On Saturday and Sunday, I got the sleep-all-day, ache-all-over bug that lay Daddy low on Friday, so I didn't see mother again until Monday. The change was drastic. She has hardly been drinking anything, and now her skin is stretched over her face. The swags of wrinkles she had after losing so much weight so quickly have largely shrunk away, and she looks as if she's modeled of wax. She didn't eat at all for me, but she did take a few sips of the special thickened, flavored water I make for her. Mostly she slept, looking for all the world like a cadaver except for the slow rise and fall of her chest as she breathed. Even when she was awake, she didn't seem to be all present. I'm not sure she knew who I was, or that Daddy was there. Her speech was sparse, labored and completely unintelligible. At one point, she perseverated on the letters "L Y, L Y," repeating it perhaps a dozen times. I had brought some face cream and applied it once when she became a little agitated, along with lotion on her arms. Mostly, she did not seem to be in pain, nor did she try to get out of bed.
Yesterday, she was much the same.

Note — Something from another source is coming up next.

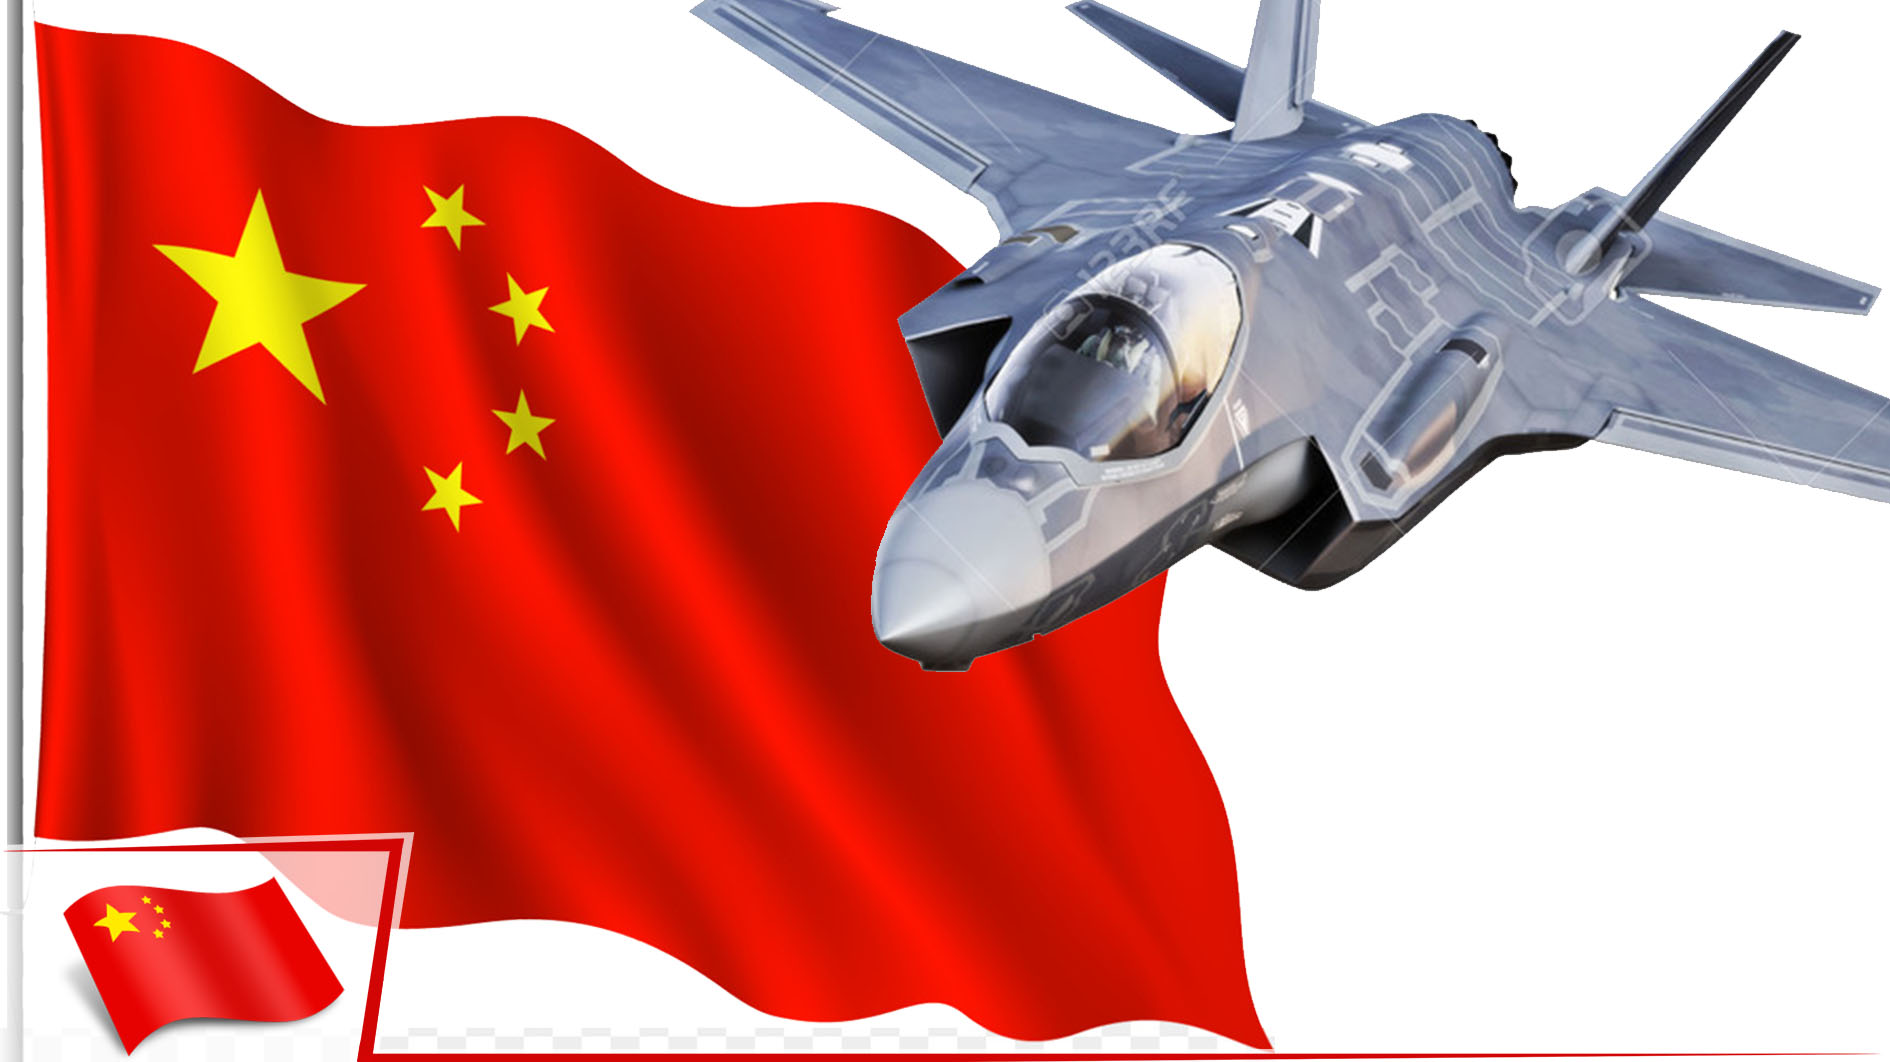 Çin, F-35 ve F-22 savaş uçaklarının gizli bilgilerini ele geçirdi

She did at one point answer a question "Yehh," but she still didn't eat or drink much. On Friday, she had called me by name and even asked for Charlotte, but now she doesn't seem to know who I am. When Daddy talked to her and kissed her cheek, she didn't respond at all.
It could be a matter of only days. I called Charlotte and suggested she come this weekend, not for Mother, but for Daddy. And me.

3 Comments:

Blogger Jeannette said...

Signs and Symptoms of Approaching Death
http://www.hospicepatients.org/hospic60.html

Thu Jun 28, 12:25:00 PM PDT  
Blogger Liz said...

thanks for the update, i'll talk to my mom.

Fri Jun 29, 10:00:00 AM PDT  
Anonymous Anonymous said...

I had been wondering where you went.

Sorry to hear all that… if there’s one thing most terrible about this disease, it’s how it strips one’s last memories of the person of any dignity.